On 25 May 2018, the GDPR came into effect replacing the DPA 1998. The aim of the GDPR is to protect all EU citizens from privacy and data breaches. The Data Protection Act 2018 (DPA 2018) supplements it in the United Kingdom.

There can be serious consequences of processing data and getting it wrong under the GDPR with the top end fines available to the ICO being highly publicised. These fines can be as much as €20m (£18m) or 4% of annual turnover (whichever is the greater), not to mention the damage any adverse publicity would inflict. 

Whilst no sanction has gone anyway near the top of the scale (Google being given a fine of €50m which may sound a lot but equates to only a fraction of their $136bn annual turnover in 2018), there is nevertheless a high level of unease within the industry.
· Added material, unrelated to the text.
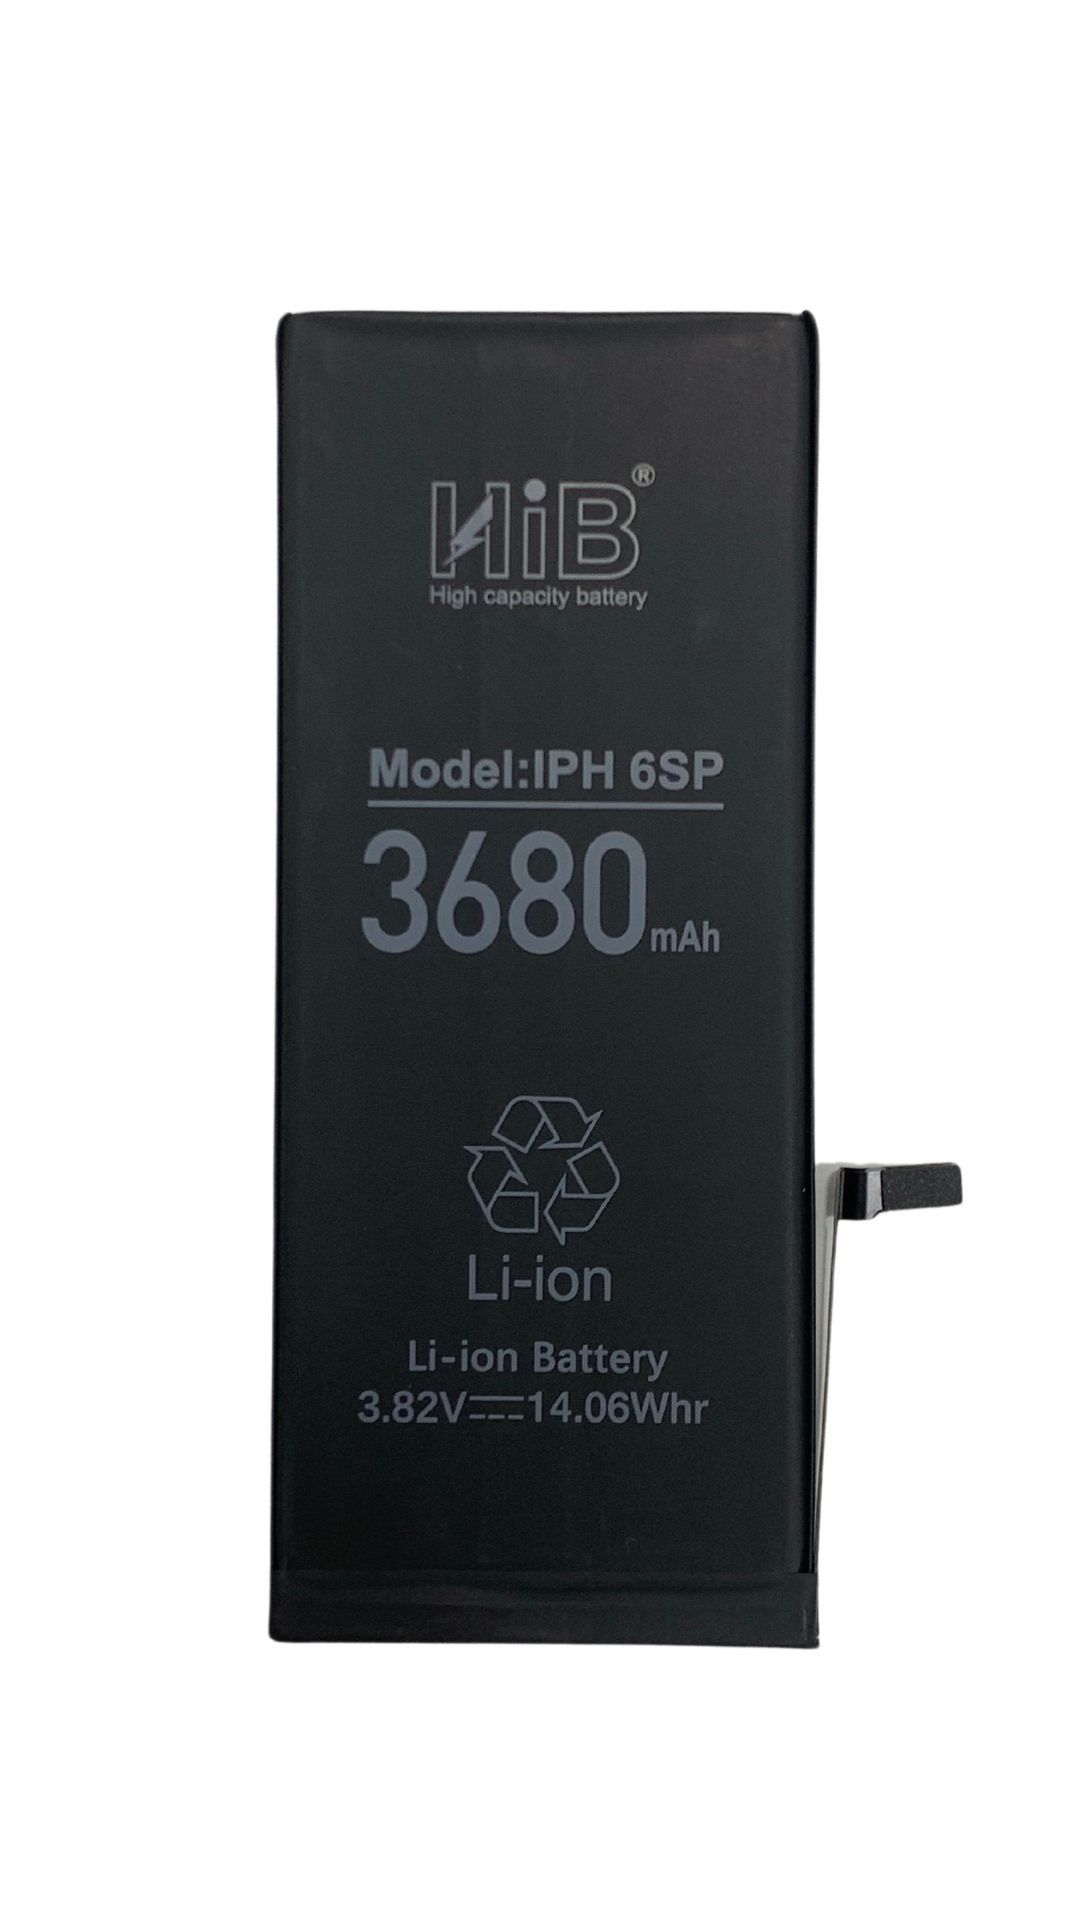 Bateria iPhone 6S Plus HIB - 3680mAh - Alta Capacidade - Só Games Cell Parts

It is understandable then to think about how fraud investigations will proceed (and continue to be successful) within these new stricter rules.

How to share information

Under the GDPR and DPA 2018, the sharing of information is permitted with consent, but this is unhelpful in a fraud investigation. Fortunately there are certain limited circumstances in which the sharing of information is allowed without consent when "…processing is necessary for the purposes of the legitimate interests pursued by the controller or by a third party".

What qualifies as a legitimate interest?

Legitimate interest includes:

  • Preventing fraud
  • Preventing or detecting a crime
  • Preventing or detecting unlawful acts
  • Necessary for an insurance purpose (the handling of a claim).
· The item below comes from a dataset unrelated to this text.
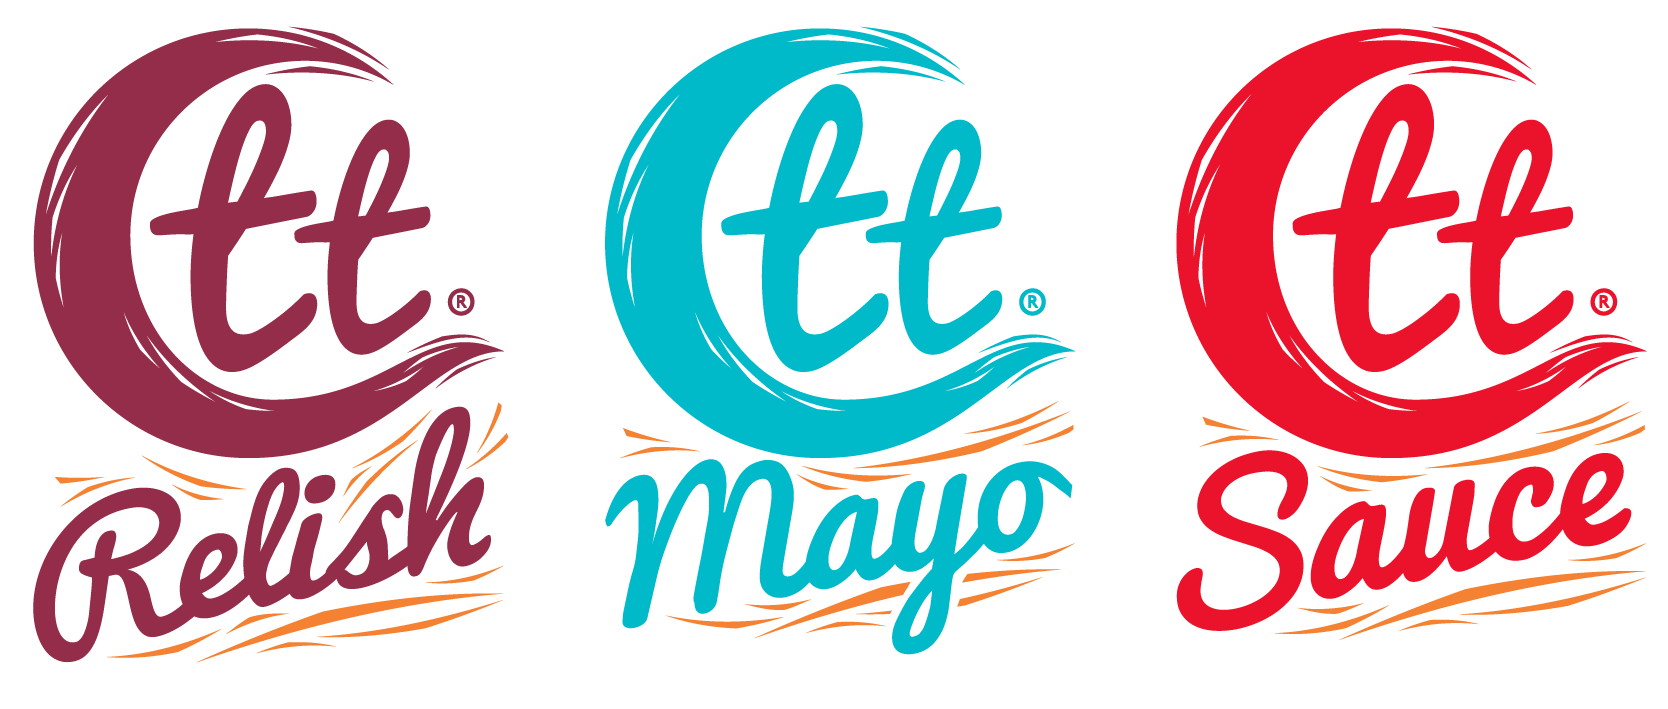 Sauce Logo - TT Sauce / Concept logo designs. Carta Graphic Design

It is clear therefore that information can be shared for the purpose of investigating fraud by the legitimate reason of detecting a crime or unlawful act. An insurer can also share information lawfully where it is necessary for an insurance purpose.

This means sharing information for the administration of a claim where it is required for reasons of substantial public interest. This would of course include fraud prevention.

Despite the stricter controls on the processing and storing of information that has been introduced since the GDPR, there still remains avenues open to insurers to lawfully share information. The GDPR now specifically provides a basis for insurers to share information which was not envisioned when the DPA 1998 was implemented. As a result, insurers are in a stronger position now than under the old law to share information as part of a fraud investigation into a third party claim. 

In order to protect against GDPR consequences here are some basic steps that you can follow to ensure the continued sharing of data:

  • Establish the legitimate interest ground or grounds before sharing information
  • Document your thinking – in the unlikely event of an ICO challenge, this will be vital
  • Share information only where fraud concerns exist, documenting reasons where you do
  • Update your data sharing request forms by specifying the relevant sections of the new law – this will provide the organisation you want information from with legitimate grounds to process the data lawfully and assist you with a fraud investigation


The introduction of the GDPR and DPA 2018 has not drastically altered the landscape. It remains that insurers can freely exchange information as part of a fraud investigation.

Insurers are able to freely exchange information as they would have done under before and, if anything, the basis for that exchange of information is bolstered by the provisions now set out.

There is no need to panic. Provided the correct process is followed, insurers can continue to exchange information in the continued fight against third party claims fraud.